Employers must provide the Sexual Harassment Model Policy to all new hires and at the annual training. They can provide the notice to remote employees by posting it in a shared network and emailing it directly to all employees. Employers must also give employees a copy of the policy annually during the training.
How:
- Review the new materials and update your policy and training materials to comply with the law.
- Provide the Sexual Harassment Model Policy to all new hires and at the annual training.
- Post the Sexual Harassment Prevention poster.
- Provide training to employees once a year.
Additional Resources:
Minimum Standards for Sexual Harassment Prevention Policies
New York State Combating Sexual Harassment in the Workplace Website
New York State Model Sexual Harassment Policy and Training Website
Who: New York employers with warehouse distribution centers
When: Effective June 19, 2023
Governor Kathy Hochul signed A1000/S851 into law on March 3, 2023, which amended the Warehouse Worker Protection Act (WWPA). The WWPA was supposed to be effective February 19, 2023, but the effective date was pushed to June 19, 2023. The law requires employers at warehouse distribution centers to notify employees of quota systems the employer uses to track, monitor, and discipline workers. The purpose is to inform workers of how an employer is evaluating their performance.
Employers must provide employees a written description of each applicable quota or work standard—in English and the employee’s primary language—upon hire or within 30 days of the law’s effective date. Employers have two business days to notify employees of changes to the quota.
An employee may request their own work speed data and the aggregate data of similar employees, and the employer must provide it within 14 days.
The law amended the definitions of employer, employee, and warehouse distribution center. An employee under the WWPA is one who is non-exempt and is not a driver or courier. Employer is defined as one who employs or exercises control over 100 or more employees at a single distribution center or 1,000 or more employees at one or more centers in New York. The definition of warehouse distribution center was amended to exempt farm product warehouses.
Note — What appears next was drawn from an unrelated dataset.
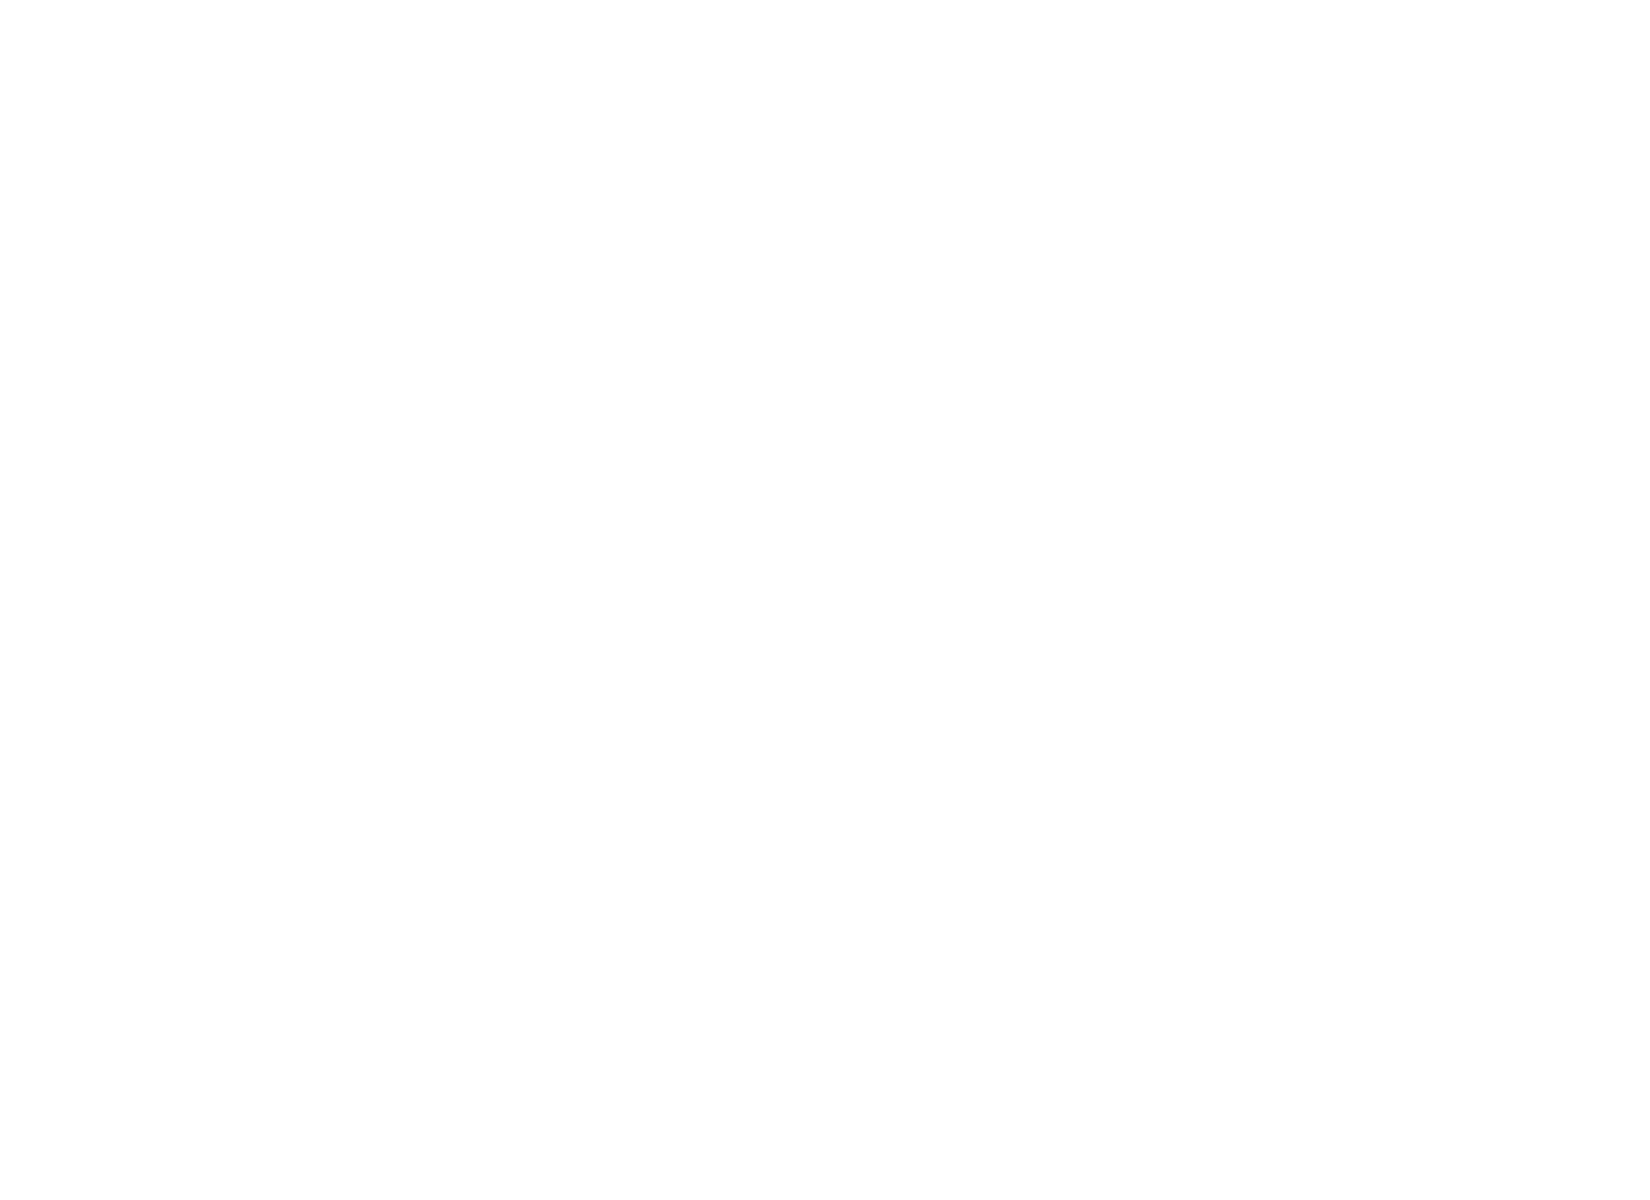 JYWT_logo_white-01.png

Employers must maintain records that allow for compliance with requests from employees or the commissioner for three years.
The law protects employees against adverse employment action if the employer did not disclose the quota or if the employer did not allow for sufficient breaks. It also creates a rebuttable presumption of retaliation in situations where the employer takes an adverse employment action with 90 days of an employee’s first request in a calendar year for work speed data or making a complaint alleging a violation of the WWPA.
How:
- Create written descriptions of all quotas, and provide descriptions of quotas to employees by July 19, 2023.
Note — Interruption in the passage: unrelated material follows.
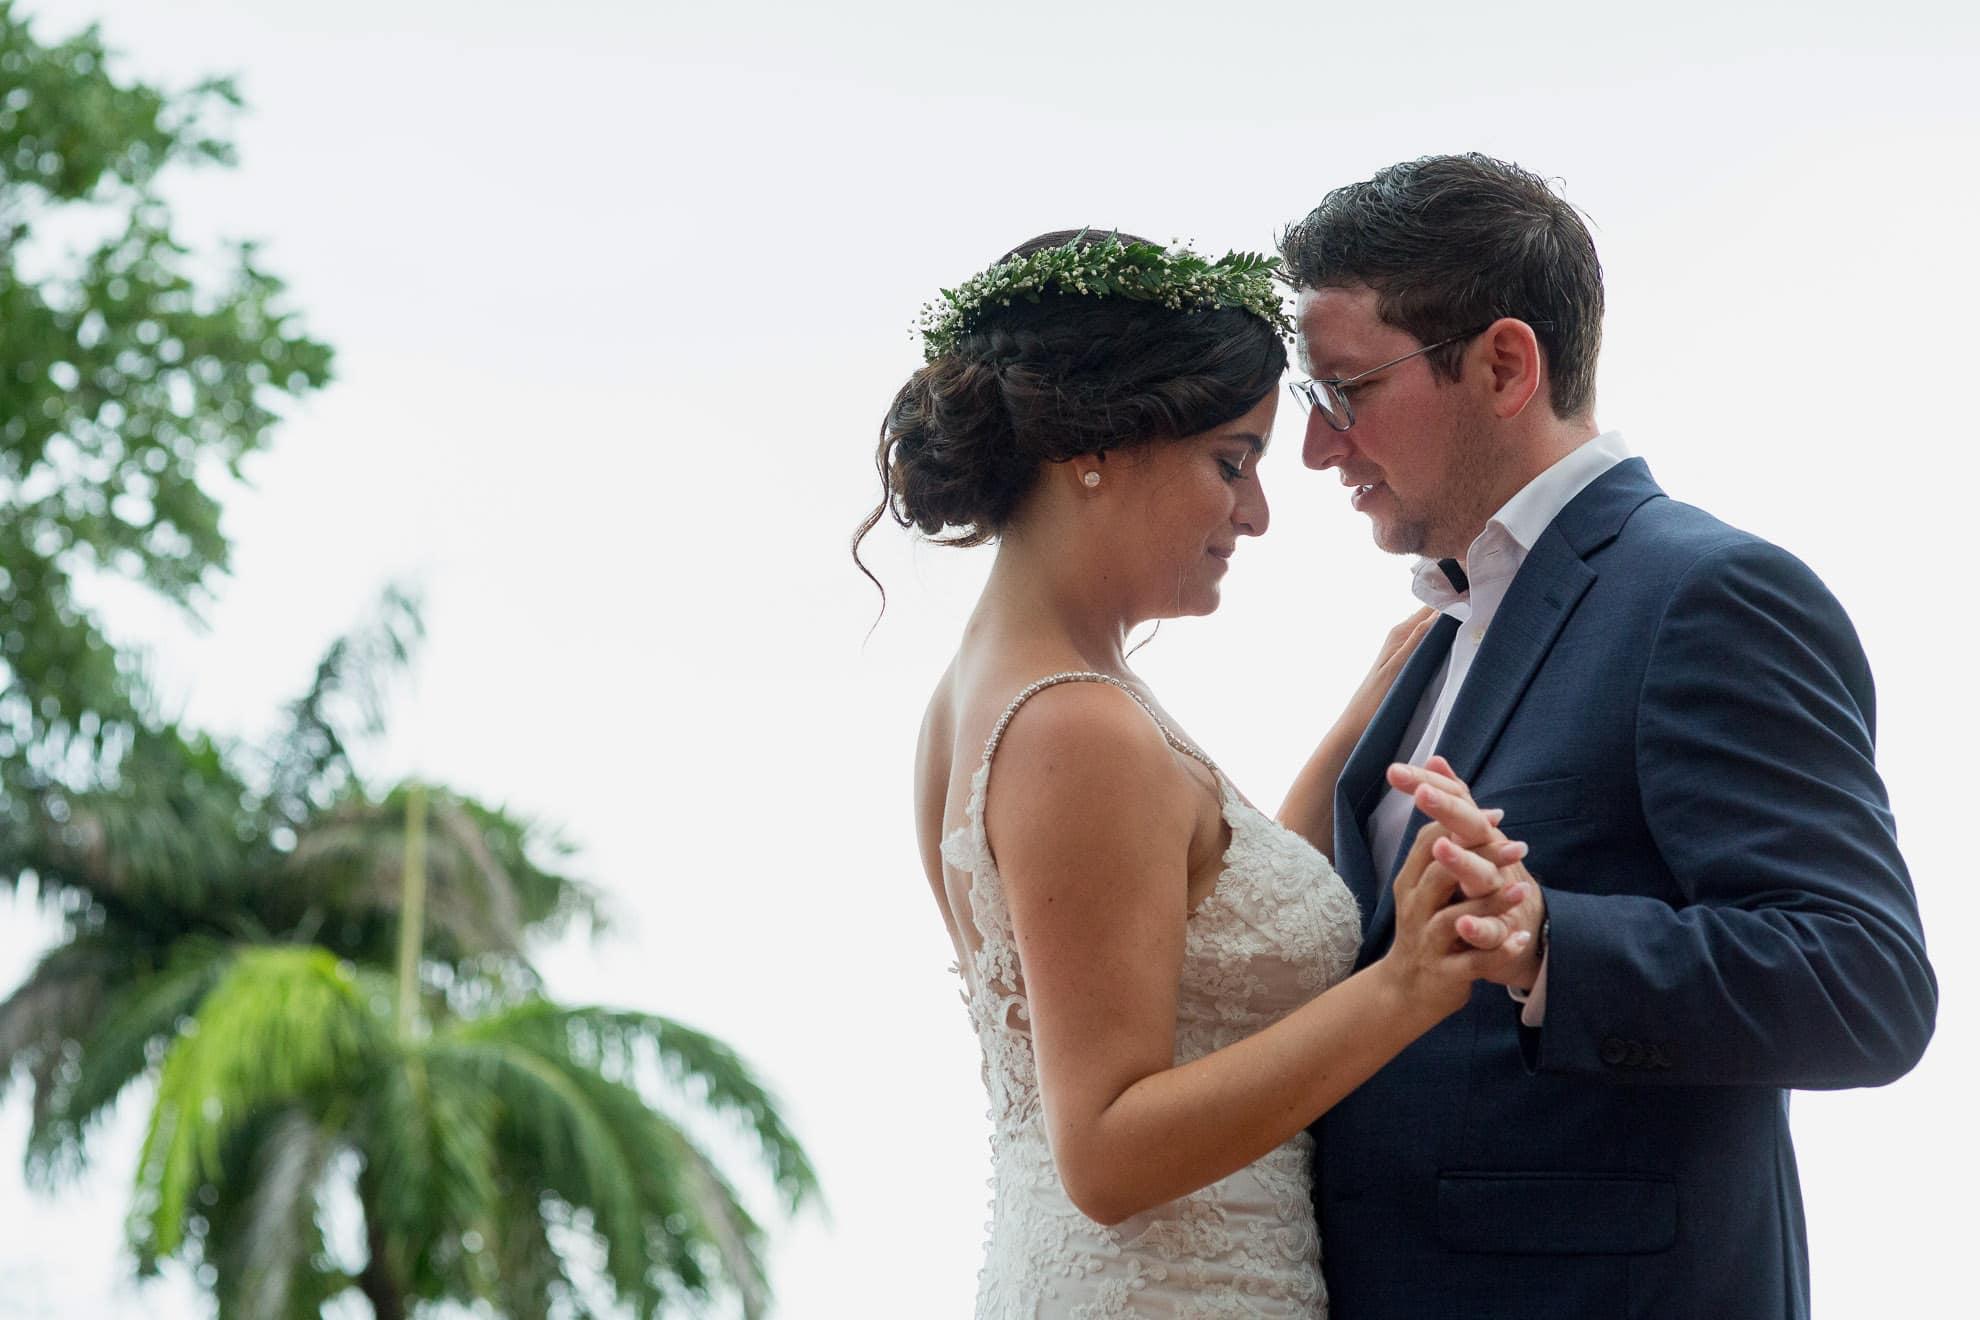 dancing together La Mariposa Destination Wedding

- Develop a system to collect, compile, store, and share work speed data for individuals and peer groups.
- Write a procedure for complying with requests for work speed data.
- Train supervisors and employees who have authority to implement the provisions of the Warehouse Worker Protection Act.
- Consult with legal counsel to ensure compliance.
Additional Resources:
Who: New York employers
When: Effective June 7, 2023
Governor Kathy Hochul signed amendments to New York State’s Nursing Mothers in the Workplace Act into law on December 9, 2022, effective June 7, 2023. It applies to all employers, regardless of size. Employers must provide lactating employees daily paid or unpaid break time to express milk for up to three years following the birth of a child. The nursing mother may take a lactation break “each time such employee has reasonable need to express breast milk.”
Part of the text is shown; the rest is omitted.